Over the years, privacy and security-oriented browser extensions in the same category of JShelter (e.g. uBlock or NoScript, whose code is partially inherited by JShelter through the NoScript Commons Library), have been forced into multiple complex refactorings and modernizations, including complete rewrites such as those required by the transition from Mozilla's original flexible XUL/XPCOM technology to the more limiting WebExtensions API, largely copied from Google Chrome's Extensions API.
During the past 2 years, the Manifest V3 API ("MV3" from now on) has been aggressively pushed by Google as the successor of the current semi-unified browser extensions APIs (known as Manifest V2 or "MV2").
MV3 comes with renewed migration challenges, made worse by its incompleteness and apparent hostility against privacy and security use cases.
Let's have a look at some threats that the MV3 specification poses to JShelter and other security and privacy-oriented extensions:
- The new content script injection APIs are promising on paper, thanks also to specific requests for enhancements coming from us, but their implementation is still incomplete and buggy.
- The removal of the blocking capabilities of the
webRequestAPI excludes any runtime algorithmic flexibility to analyze and manipulate the network traffic.
- The new
declarativeNetRequestAPI should replace the
webRequestAPI. But it is triggered by a limited number of basic URL-matching rules, which are easy to bypass for malicious actors
- The forced switch of extensions' main logic from a persistent and stateful background process (MV2) to an ephemeral and stateless service worker (which, by MV3's design, can be killed at any time) hampers the ability of security extensions to promptly counter-react synchronous events such as the start of a page script execution and dramatically impacts any extension of medium complexity, now forced to reconstruct its state from slow asynchronous storage every time its service worker gets woken up by user interaction or network events.
These and other technical problems are making the transition extremely painful to privacy and security-oriented browser extensions, and more in general those aimed to change the browser's default behavior in restrictive / protective directions or just give back some agency to the users rather than prioritize the will of web authors, advertisers, and trackers.

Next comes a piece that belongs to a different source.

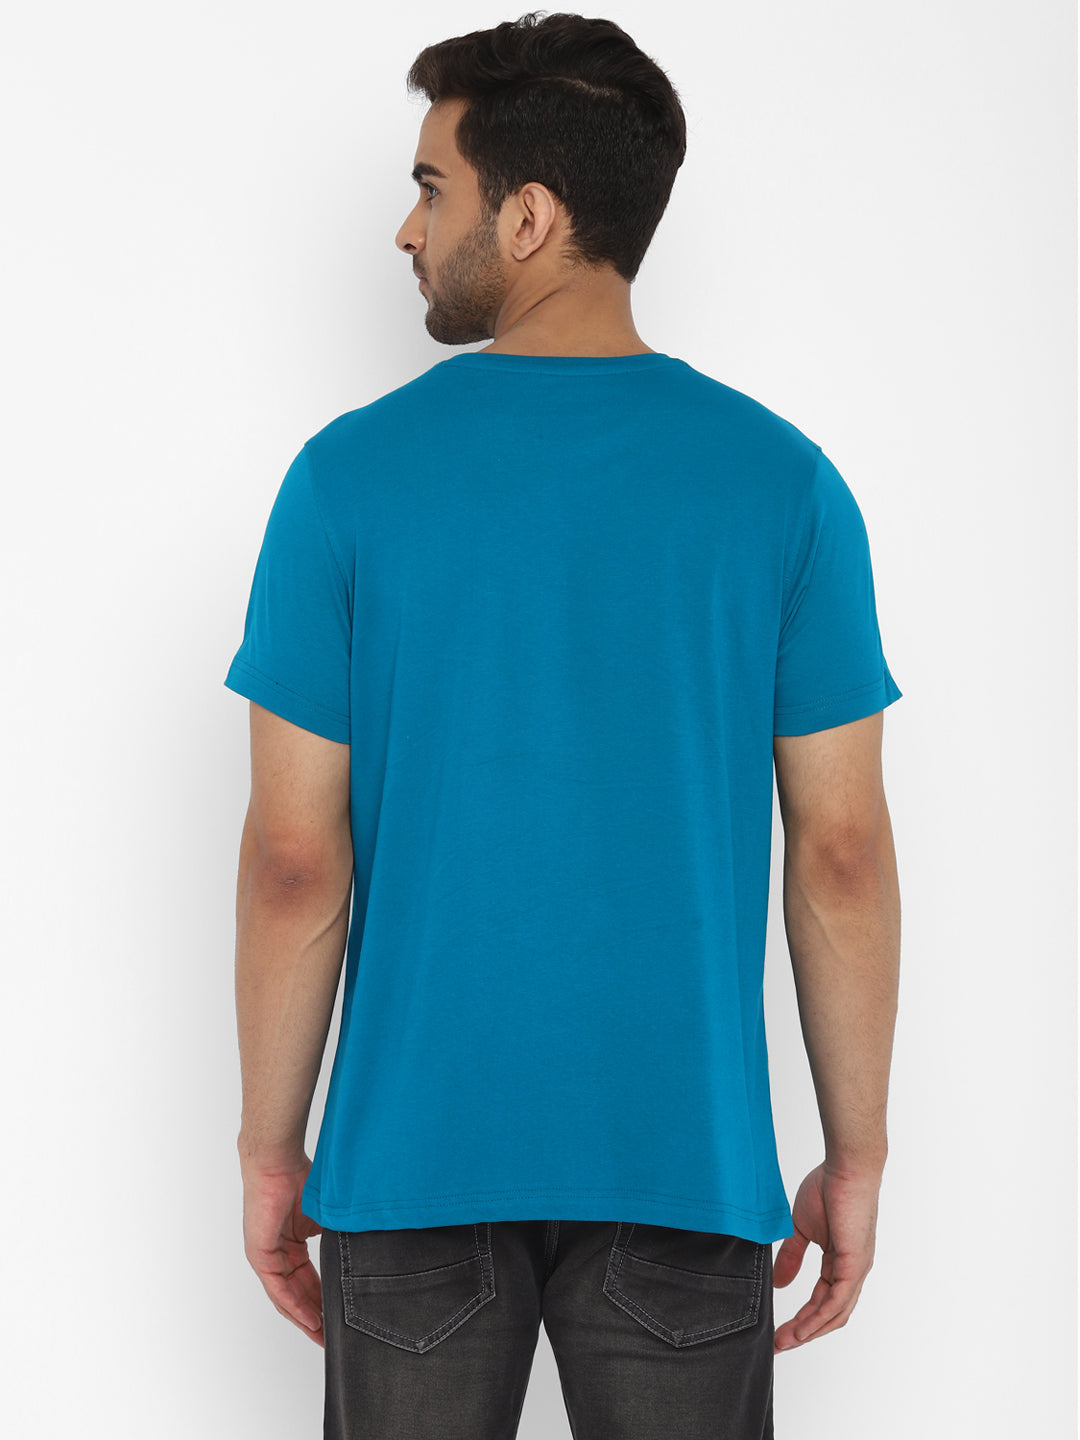 Essentials Blue Printed Round Neck T-Shirt

Further factors make any migration route even harder:
- MV2 and MV3 API access is mutually exclusive, meaning that we cannot pick "the best tool for the task" during the transition. Therefore, web developers are forced to maintain multiple versions, i.e. MV2-based for the general public and MV3-based for early adopters/testers willing to bear with bugs and missing features until MV3 is good enough.
- MV3 is far from having any finalized shape or roadmap, despite the relentless efforts to make it more viable from extensions developers, including myself, convening with browser vendors in W3C's Web Extensions Community Group (WECG).
- There's still no stable, feature-complete and reliable MV3 API implementation for moderately complex extensions to experiment with.
- Its actual implementations suffer from fragmentation and countless incompatibilities, for the better or the worse, across browser vendors adopting it, including Mozilla, Microsoft and Apple.
Notwithstanding the aforementioned critical issues, one year ago, Google announced a bellicose timeline to extinguish "legacy" MV2 extensions, starting with a "soft" deprecation on the 1st of January 2023 but quickly ramping up to enterprise-only support in June and complete extermination by the end of the year, except for backpedalling at the last moment, putting those dates "under review until March" with the admission that an API still in such a bad shape prevents too many extensions (even outside the controversial realm of content blockers) from migrating.
In our project, we're seeking to navigate the uncertainty of Manifest V3 transition towards a successful outcome, trying to stay compatible with as many browsers as possible, preserving as many features as possible, through different interventions, some sequential, some parallel:
- actively participating in the ongoing browser extensions API design work of the Web Extensions Community Group, in order to steer the MV3 specification in the most favorable direction for security and privacy use cases;
- publishing a MV3-compatible JShelter prototype as much feature complete and cross-browser compatible as possible, and developed/distributed/tested separately from the MV2 version aimed at the general public;
- simultaneously advocating for, keeping track of and taking advantage of useful API changes (even if browser-specific) to improve the MV3-based prototype;
- sharing the results with other extension developers through the NoScript Commons Library; the compatibility layer eases the migration work for other developers.